There doesn't seem to be a silver bullet when it comes to AI text detection – it's a hard problem to solve.
OpenAI itself has reportedly developed a new text detection tool for its AI models that's an improvement over the company's first attempt, but has declined to release it for fear that it could disproportionately affect non-English-speaking users and be rendered ineffective by minor changes to the text. (On the more charitable side, OpenAI is also said to be concerned about how its built-in AI text detector could affect the perception and use of its own products.)
Model of the Week
It looks like generative AI can be useful for more than just memes: MIT researchers are applying it to detect problems in complex systems like wind turbines.
A team at MIT's Computer Science and Artificial Intelligence Laboratory developed a framework called SigLLM. This framework includes a component that converts time series data (repeated measurements over a period of time) into text-based input that can be processed by a generative AI model. Users can feed these prepared data to the model and ask it to start identifying anomalies. The model can also be used to forecast future time series data points as part of an anomaly detection pipeline.
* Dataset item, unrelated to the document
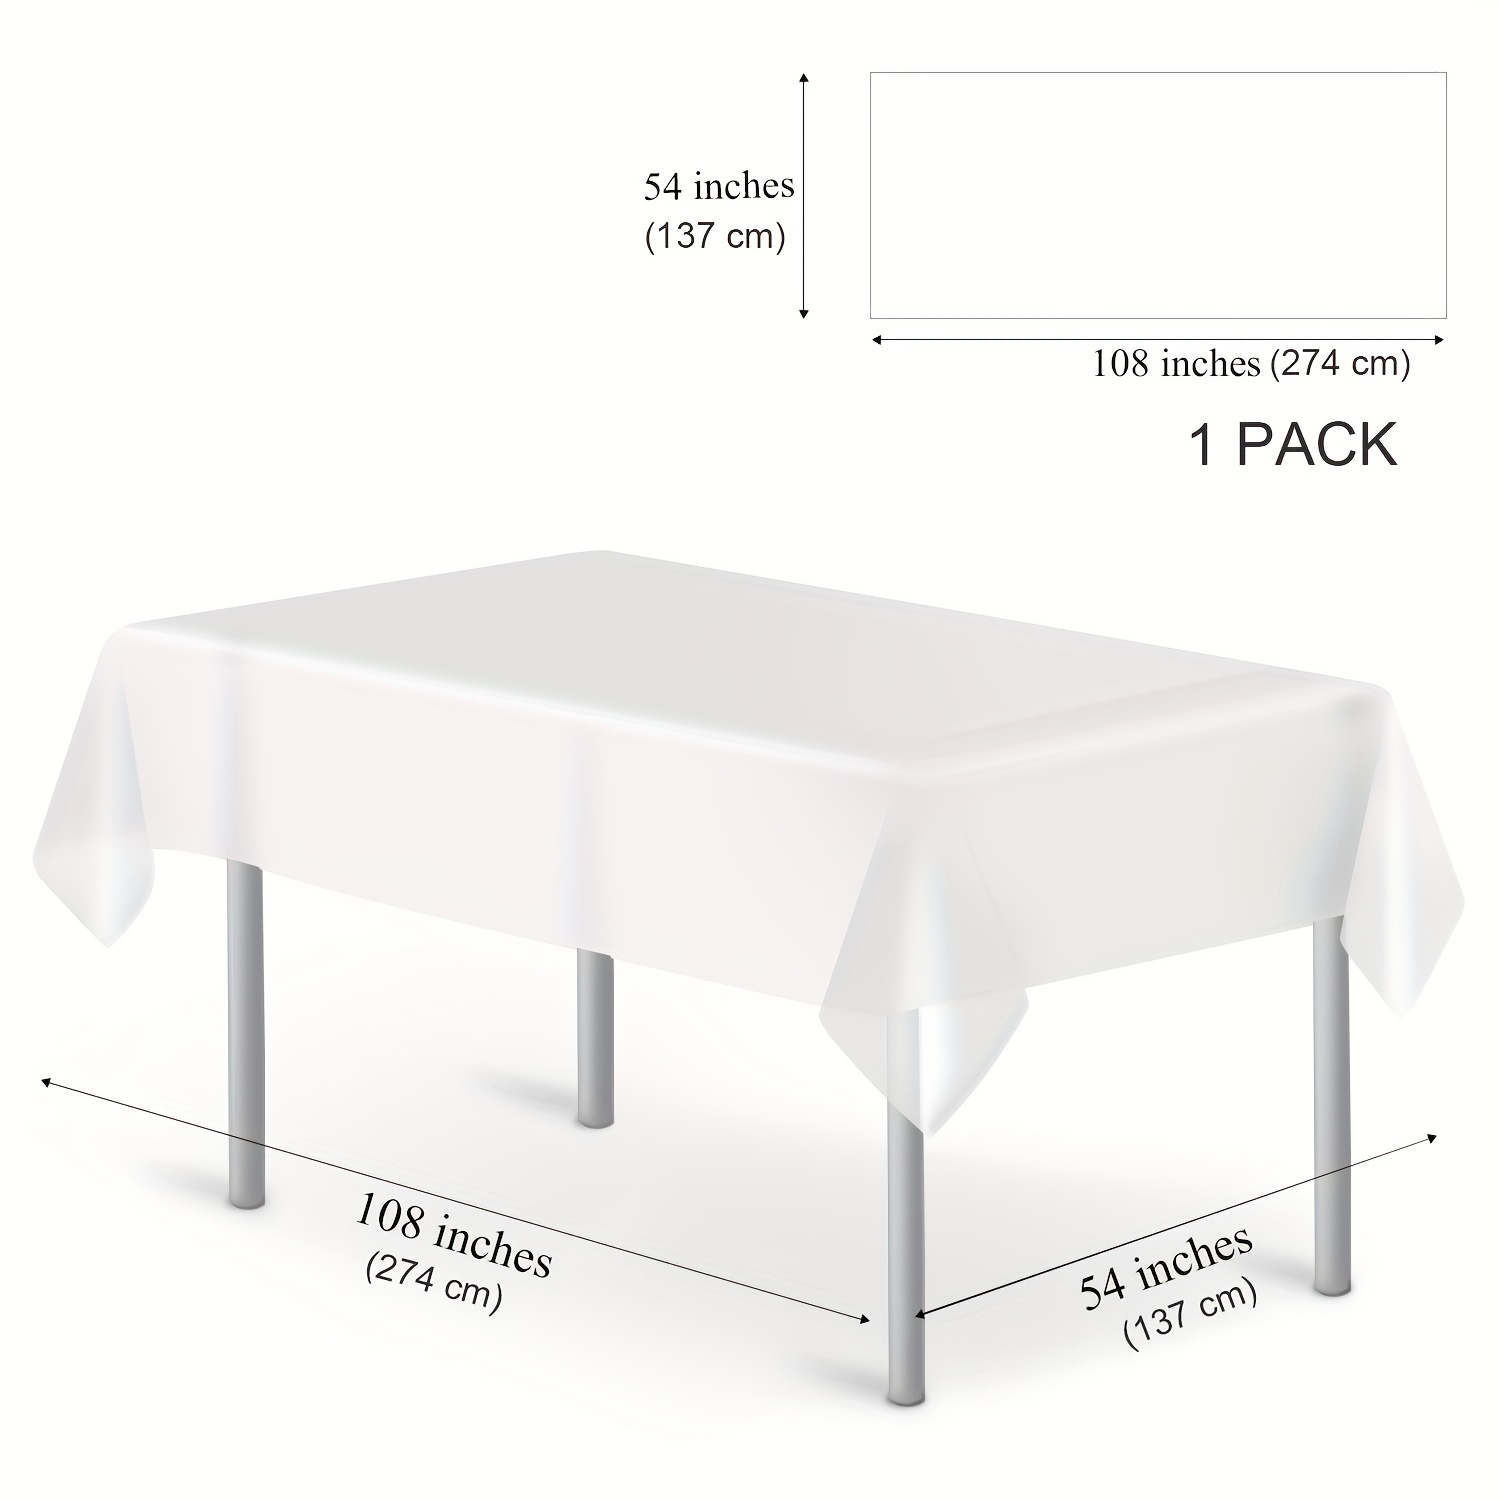 Craft And Party, 54X 100 Ft. Plastic Table Cover Roll for Party

The framework didn't perform particularly well in the researchers' experiments, but if its performance could be improved, SigLLM could help technicians warn of potential problems with heavy machinery or other equipment before they occur, for example.
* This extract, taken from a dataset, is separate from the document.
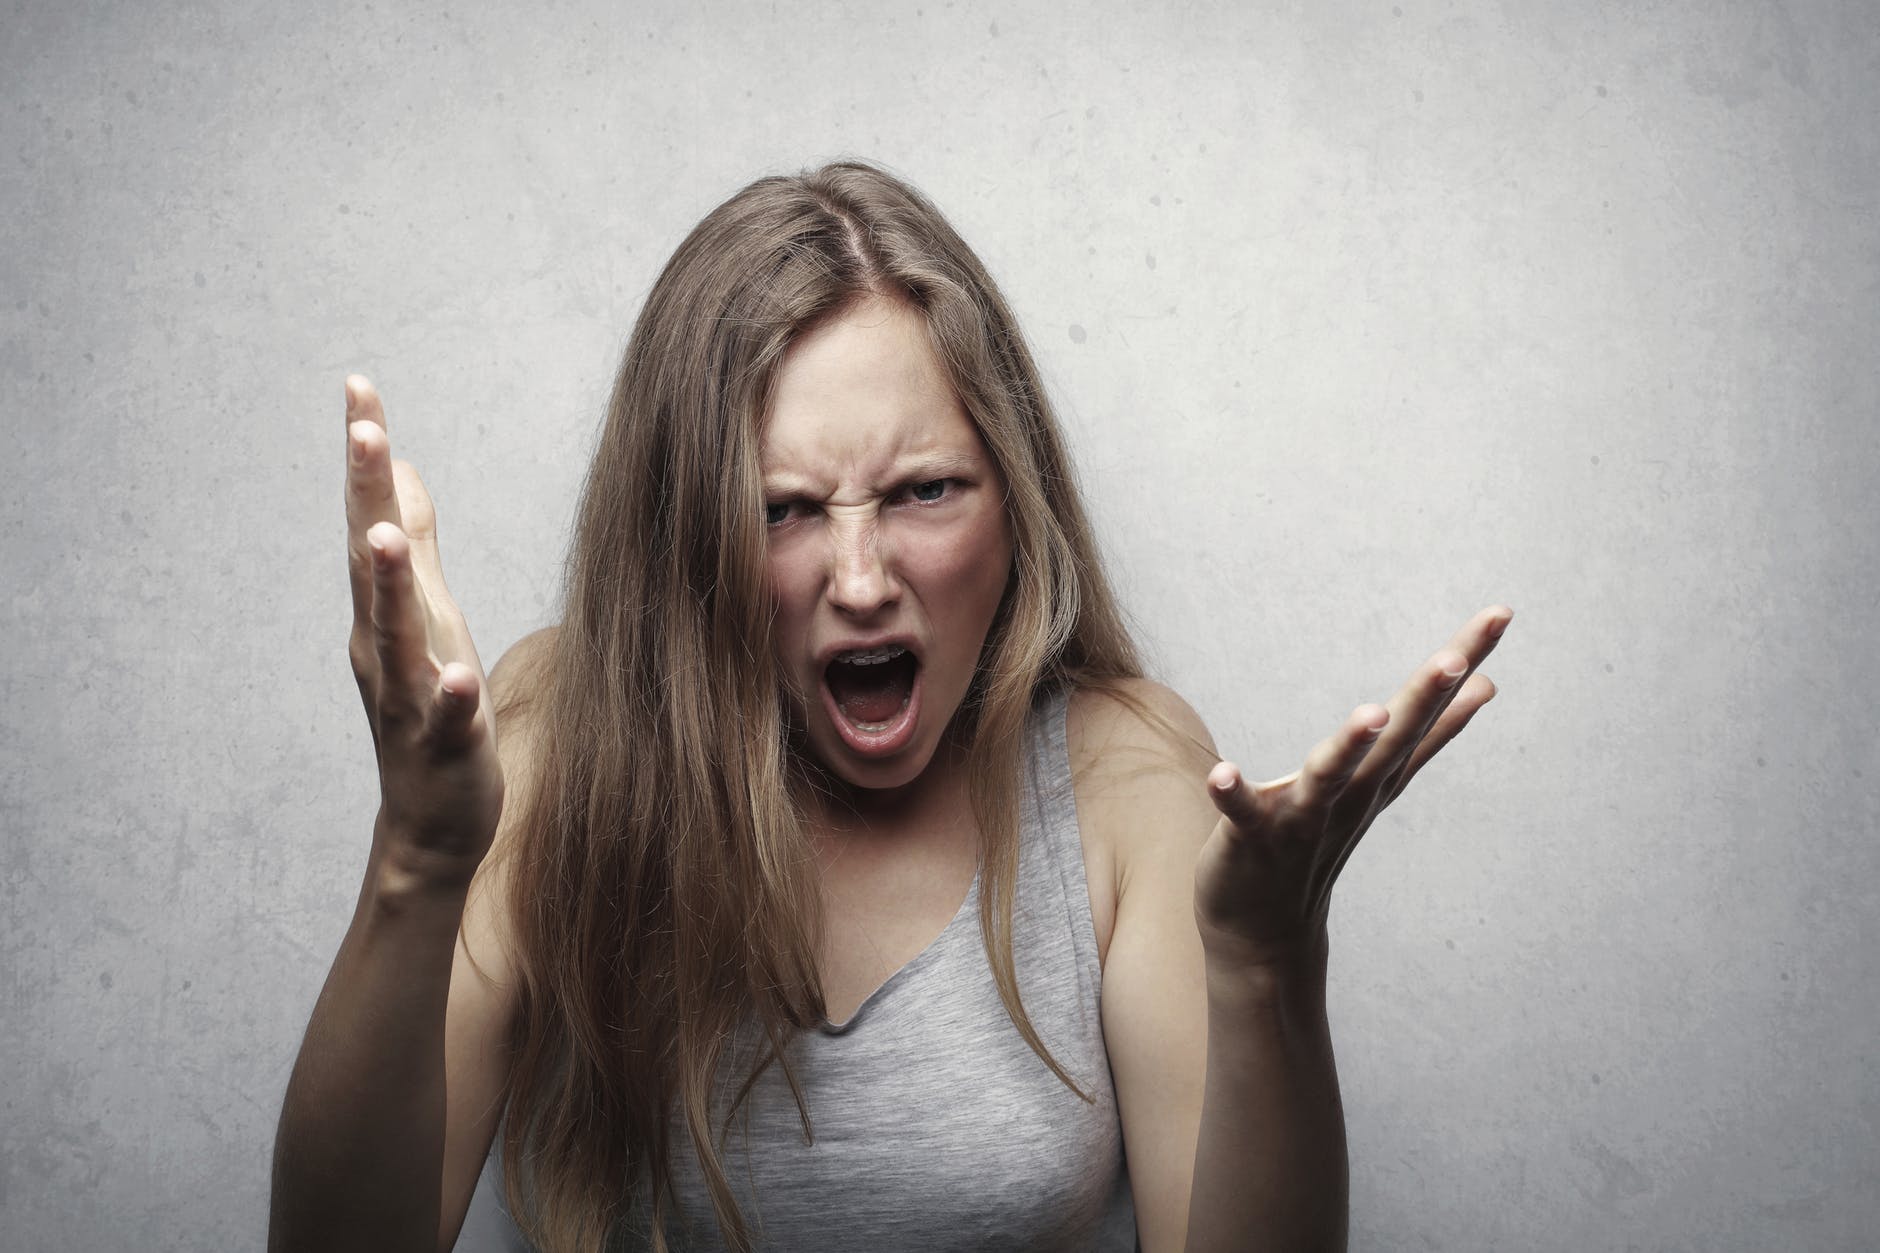 An angry young woman screaming. | Photo: Pexels.

“This is just the first iteration, so we didn’t expect to get that far initially, but these results show that there is an opportunity here that can be leveraged. [generative AI models] “It's ideal for complex anomaly detection tasks,” Sarah Arnehamisch, a graduate student in electrical engineering and computer science and lead author of the SigLLM paper, said in a statement.
Grab Bag
OpenAI upgraded its AI-powered chatbot platform ChatGPT to a new base model this month, but hasn't published a changelog (well, barely any changelog at all).
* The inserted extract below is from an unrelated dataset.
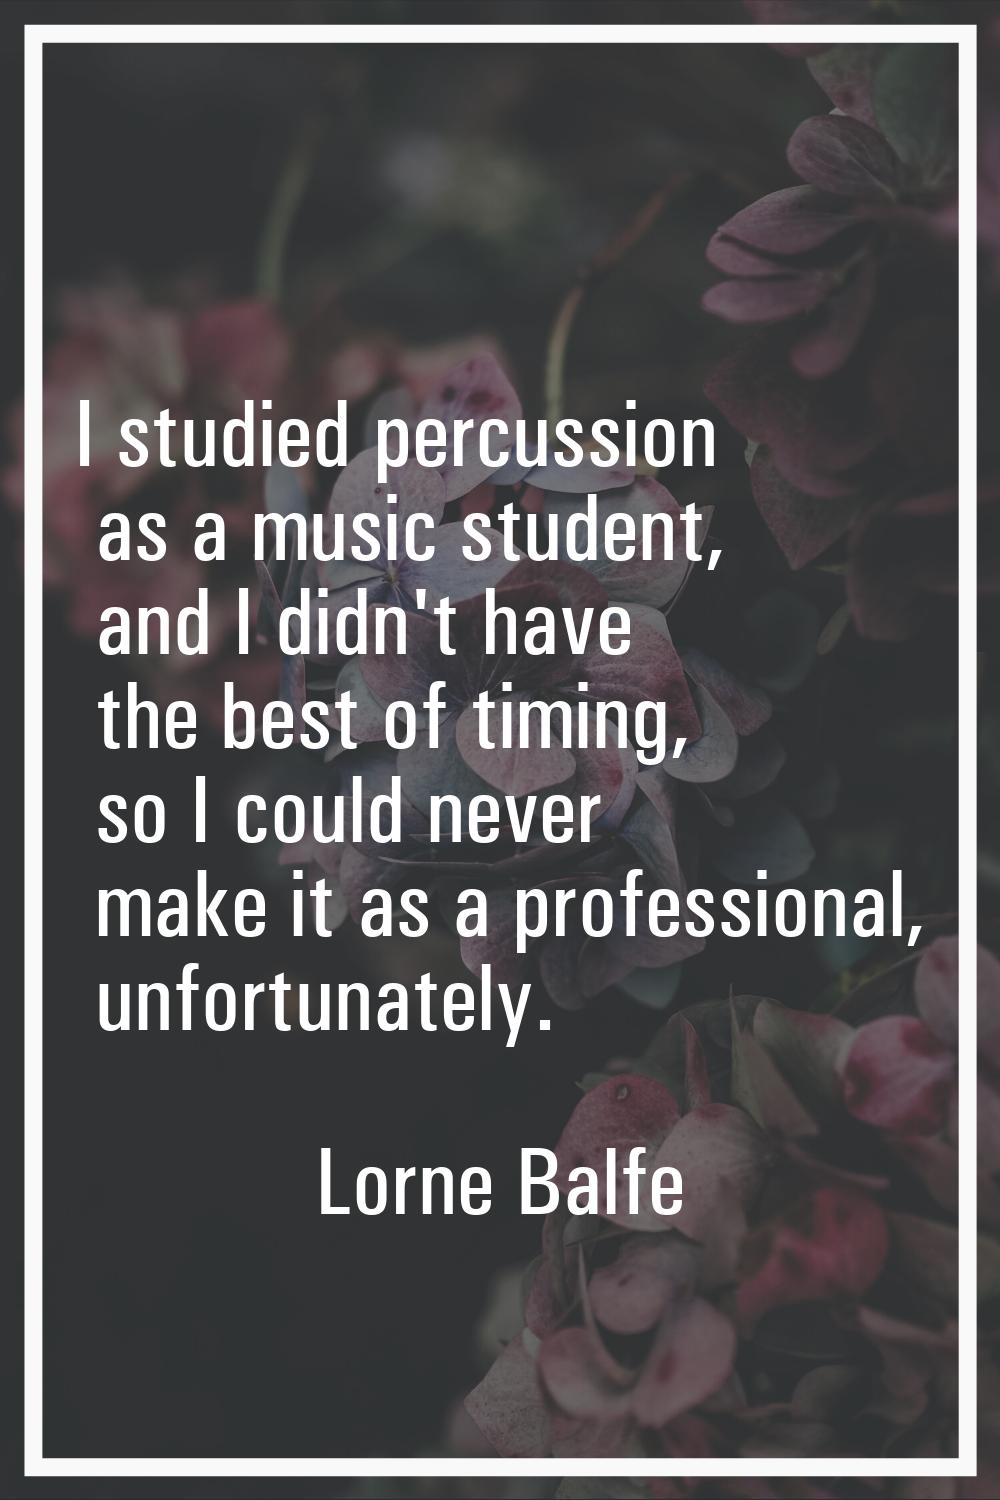 I studied percussion as a music student, and I didn't have the best of timing, so I could never mak

Since last week, we've been introducing a new GPT-4o model on ChatGPT. I hope you all enjoy it. If you haven't tried it yet, check it out. I'm sure you'll like it 😃
— ChatGPT (@ChatGPTapp) August 12, 2024
So how do we interpret it? What, exactly? We have nothing to rely on other than anecdotal evidence from subjective testing.
I think Ethan Mollick, a professor of AI, innovation, and startups at Wharton, is right: writing release notes for generative AI models is hard because the models “feel” differently with each interaction, and it's mostly based on mood. But people are using ChatGPT and paying for it, so surely they have a right to know what they're working on?
The improvements may be incremental, and OpenAI believes it would be unwise to suggest this for competitive reasons. It is unlikely that this model has any bearing on OpenAI's reported inference breakthroughs. In any case, transparency should be a priority when it comes to AI. Without transparency, there can be no trust. And OpenAI has already lost much of it.